What I’m not in the mood for at the moment is anything too tense, dark or heavy. So with all this in mind, I perused the Quick Pick table…

First, I scooped up A Christmas Cracker by Trisha Ashley. Life’s been a bit stressful lately and it seems set to continue what way for a while, so Christmas is the last thing on my mind – and I’m a long way from feeling any pre-festive excitement.

Life’s been a bit stressful lately and it seems set to continue what way for a while, so Christmas is the last thing on my mind – and I’m a long way from feeling any pre-festive excitement. I’m hoping that when I’m in the right frame of mind, this might help me get in the mood. I’m not there yet, but I’m hoping I will be in a few weeks’ time. I’ve not read a Trisha Ashley yet, but there’s much talk of how brilliant her books are, so a no-brainer!

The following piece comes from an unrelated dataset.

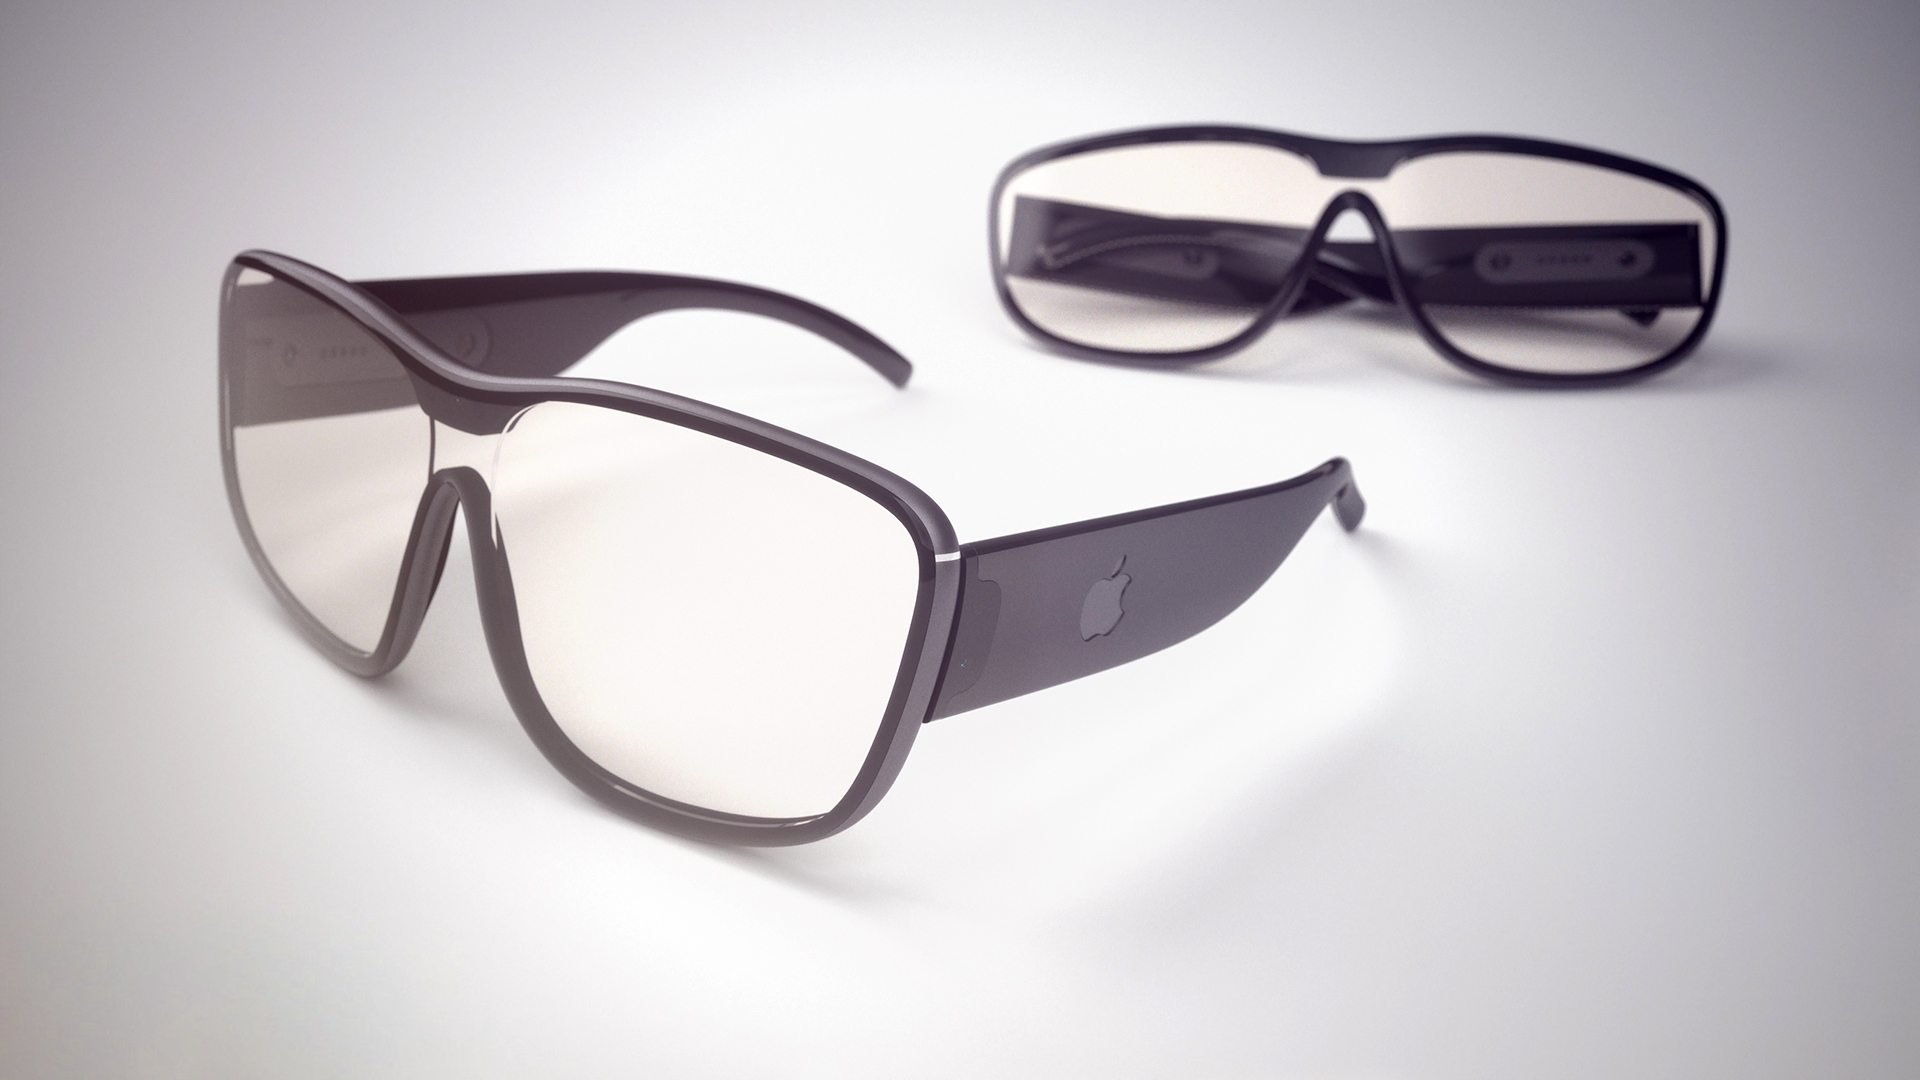 Apple Glasses concept render

The Book of Lost and Found by Lucy Foley

I’ve heard positive mutterings about this book – and it’s got book in the title! Put book, bookshop, diary or letter in the title and you have me at, well, the cover. I read the blurb, though, just to make sure it met my criteria. It mentioned foreign locations (Corsica and Paris), two different time periods – one within my lifetime and one pre-WW2 – and had a family mystery at its core. I was convinced.

Next, I picked Cecelia Ahern’s The Year I Met You.

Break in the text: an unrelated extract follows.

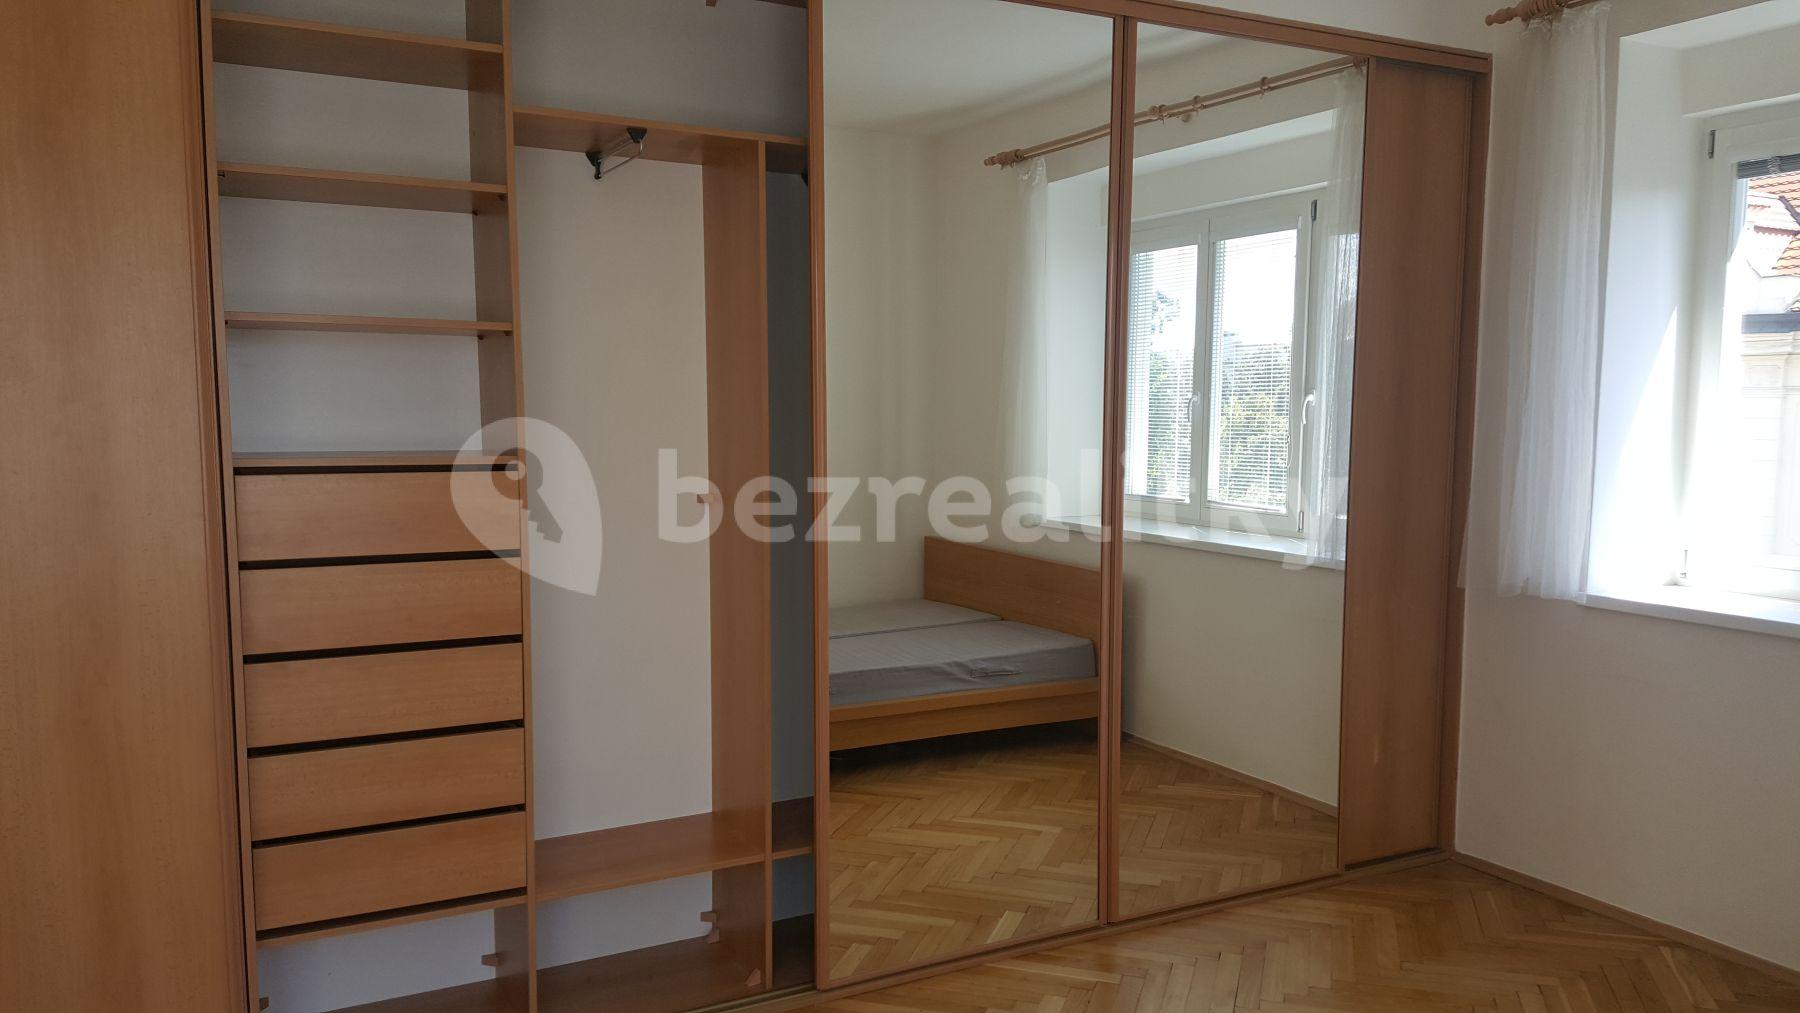 1 bedroom flat to rent, 50 m², U Vršovického Nádraží, Prague, Prague

I’ve read a few of Cecelia’s books already and they’re a great mix of soul-searching, wisdom, humor and compulsive plotting. The characters are so well-drawn and realistic that they could be people who have always cropped up in my life. What’s not to love.

The Miniaturist by Jessie Burton

I felt almost guilty for picking this up; it would probably have gone on my Christmas list this year and nearly did last year, but the list was getting too long! However, if it blows my socks off and I think I’m likely to read it again, I’ll still want to own a copy.

A foreign location, a historical period I’m fond of, the intriguing notion of a doll’s house whose inhabitants and happenings are somehow related to real life people and events… how I’ve left it so long to read it, I don’t know.

I was done with the Quick Pick table at this point; most of the other books that appealed to me were ones I’d ready already! So I went hunting for a new Diane Chamberlain on the fiction shelves because I’ve read two of hers now and I’m addicted. Like Jodi Picoult, she likes to punch you in the chest with life’s big questions and issues while assuring you that you can survive them.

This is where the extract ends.